▶ **Work instructions**:
Please print, exactly, only the lines in the entries below from the line that has "Recensione: Green Ranger" through the line that has "Franklin Sports Insanity". Pictures don't go in.

▶ **Data for analysis**:
+---+
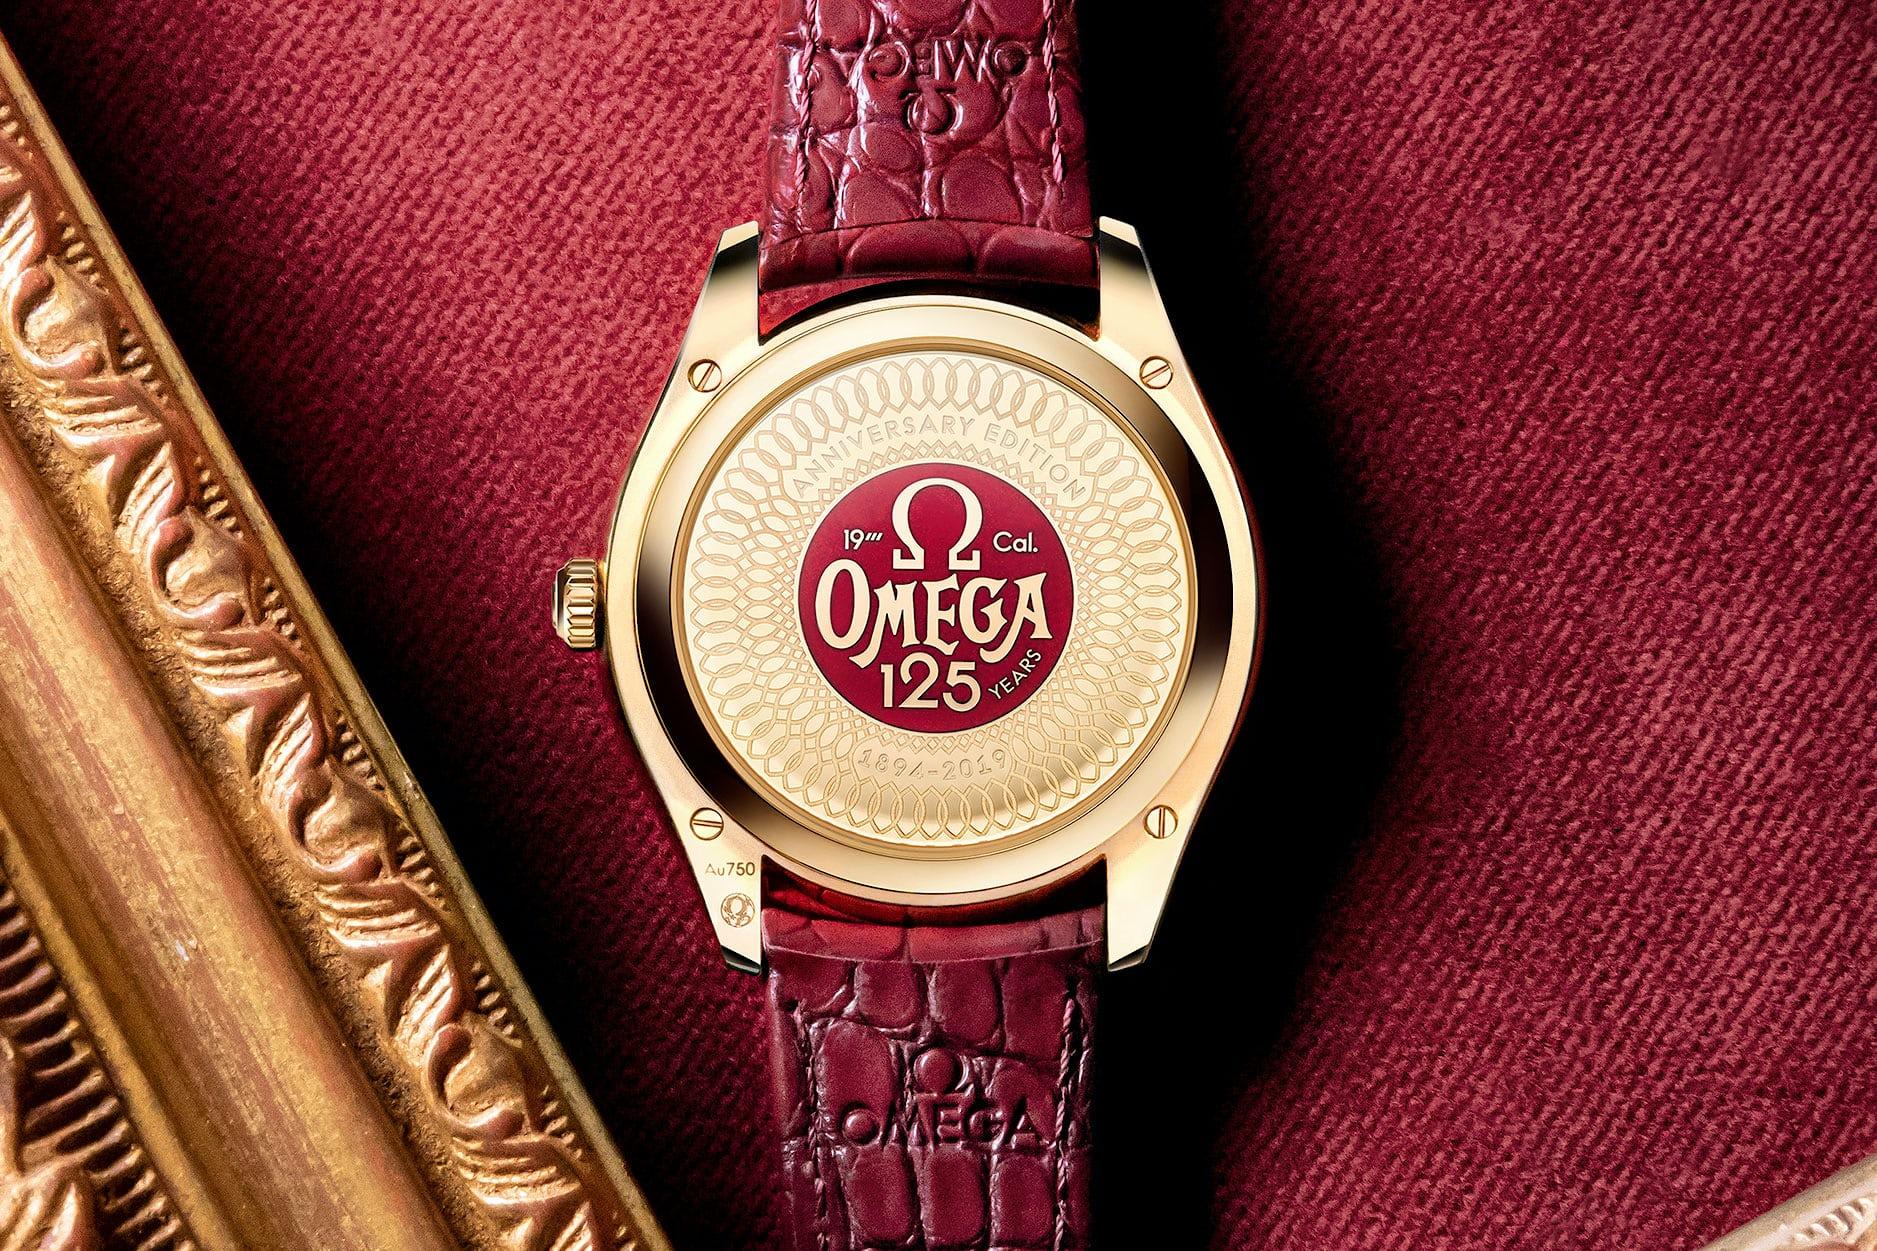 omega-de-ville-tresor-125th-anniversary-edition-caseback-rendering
+---+
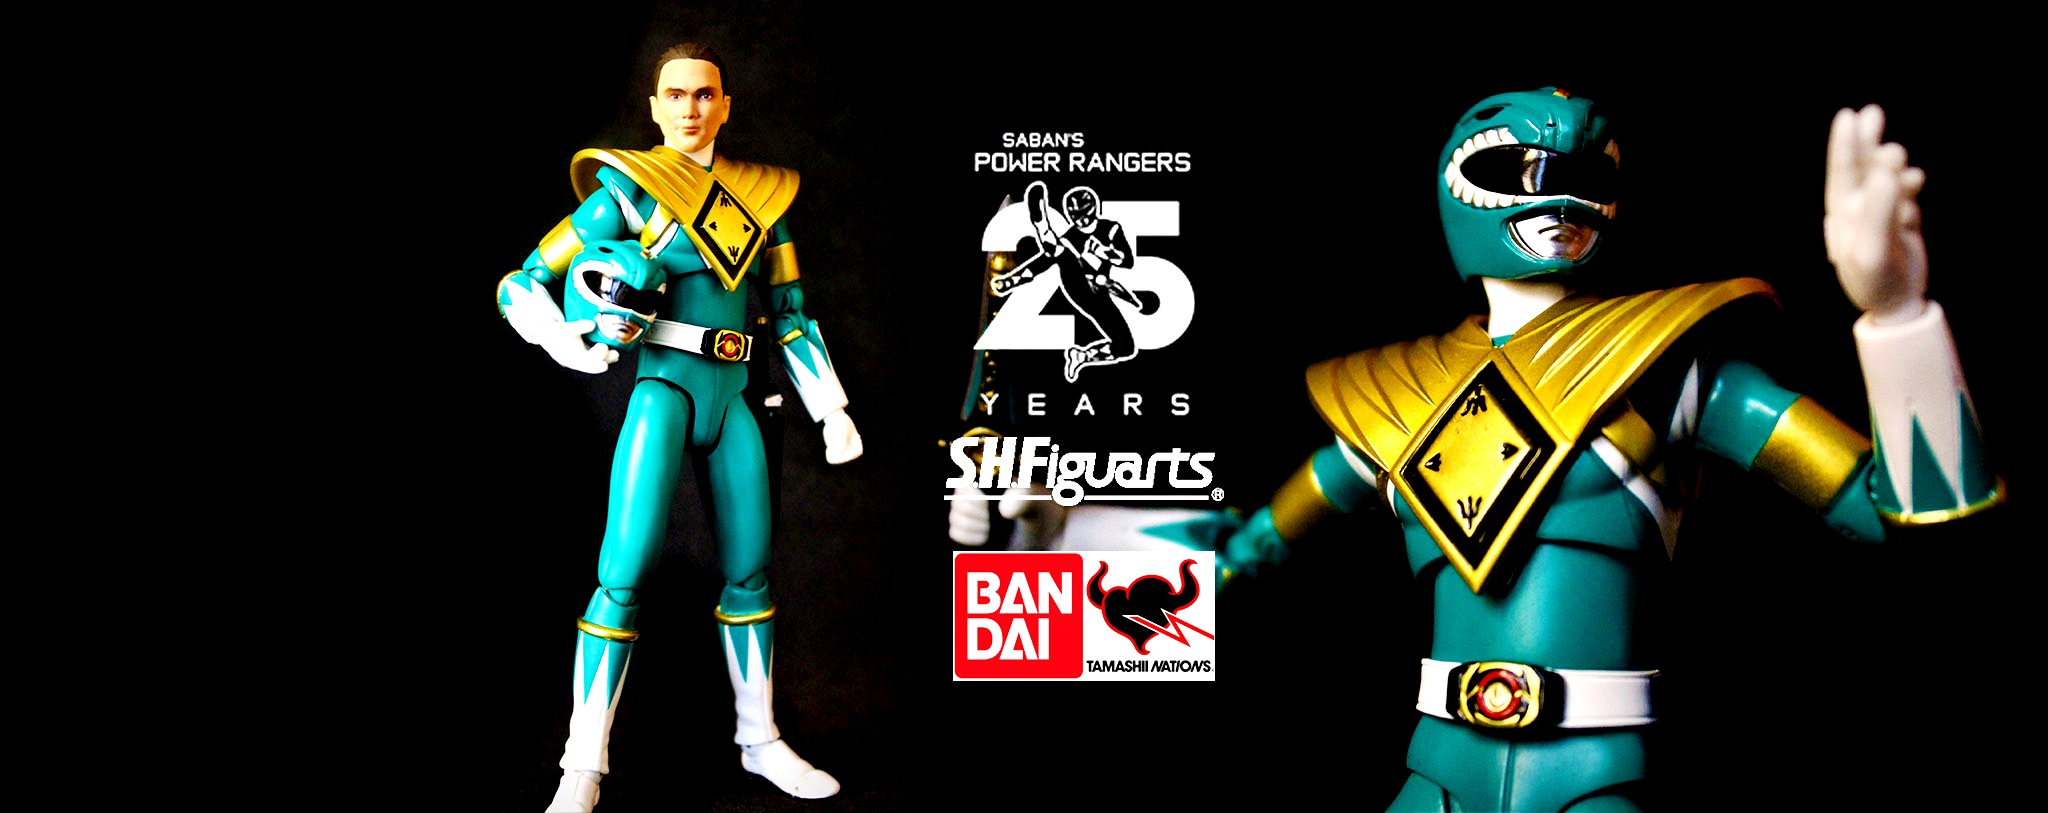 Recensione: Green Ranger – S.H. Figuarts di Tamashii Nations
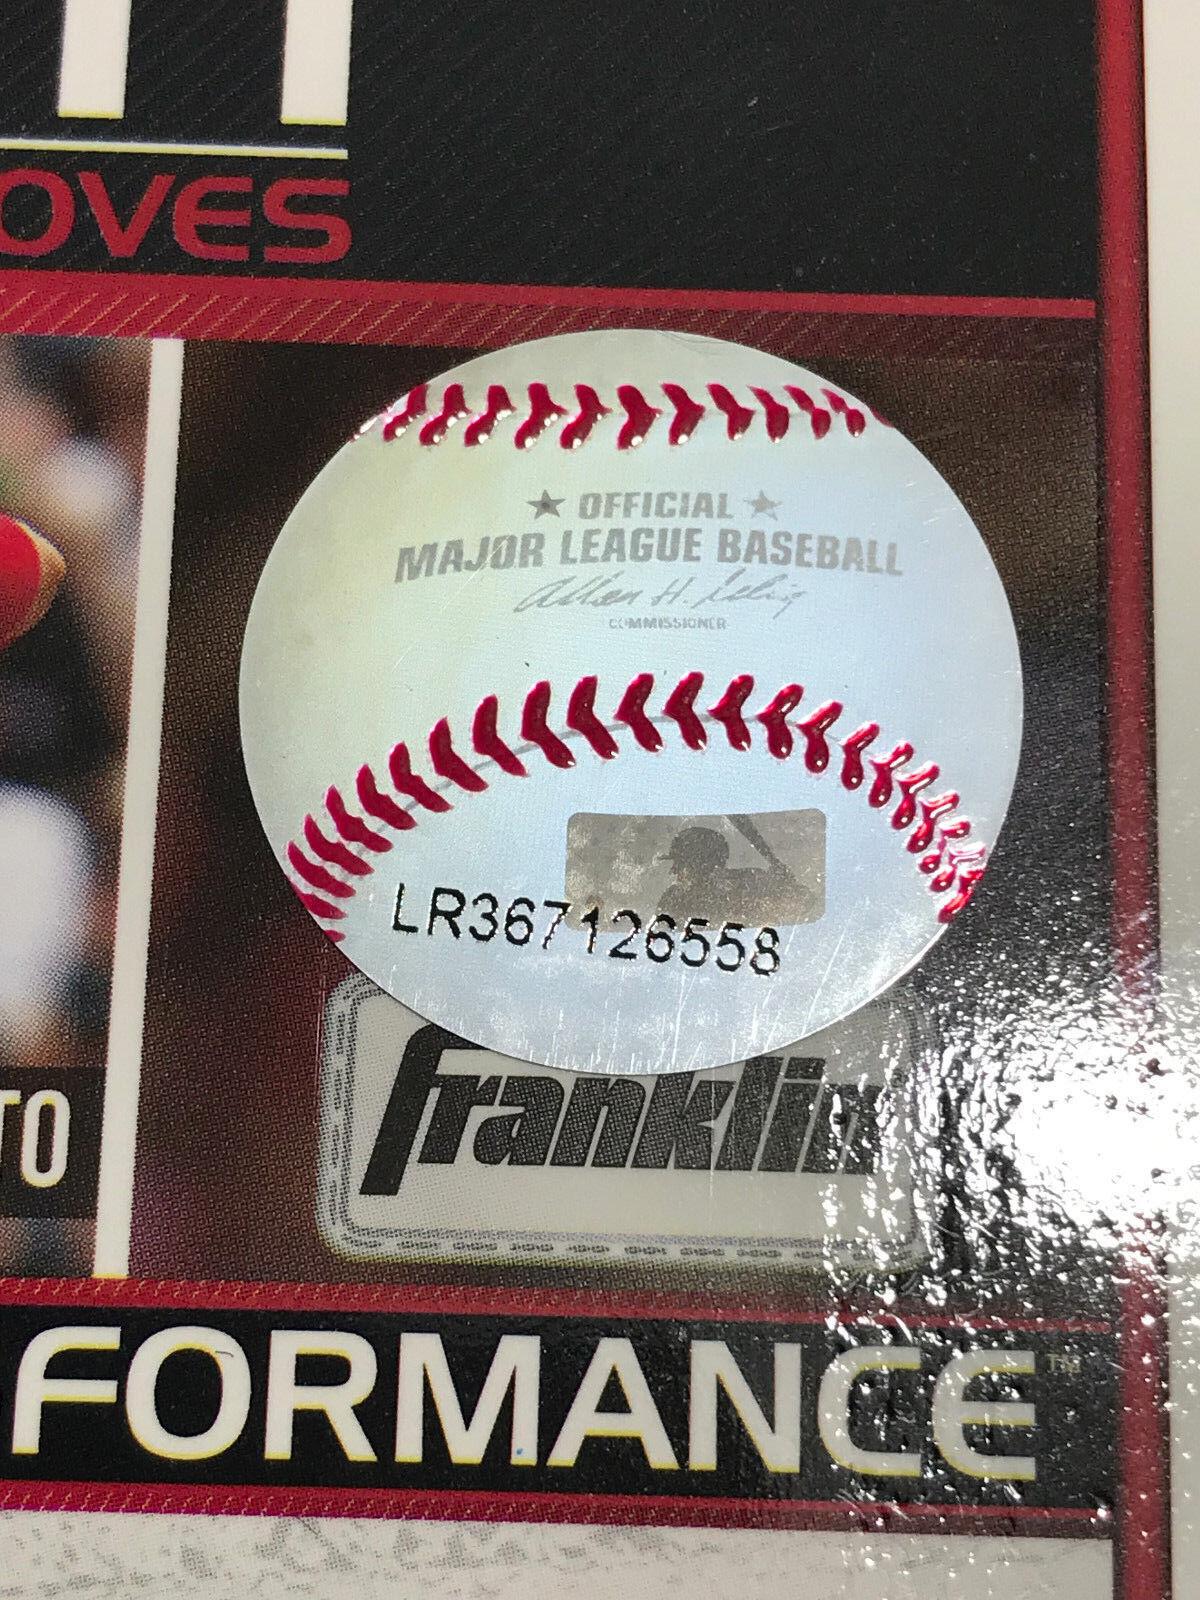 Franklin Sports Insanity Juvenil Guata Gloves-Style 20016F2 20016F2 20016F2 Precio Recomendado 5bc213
+---+
▶ **Problem solution**:
 Recensione: Green Ranger – S.H. Figuarts di Tamashii Nations
 Franklin Sports Insanity Juvenil Guata Gloves-Style 20016F2 20016F2 20016F2 Precio Recomendado 5bc213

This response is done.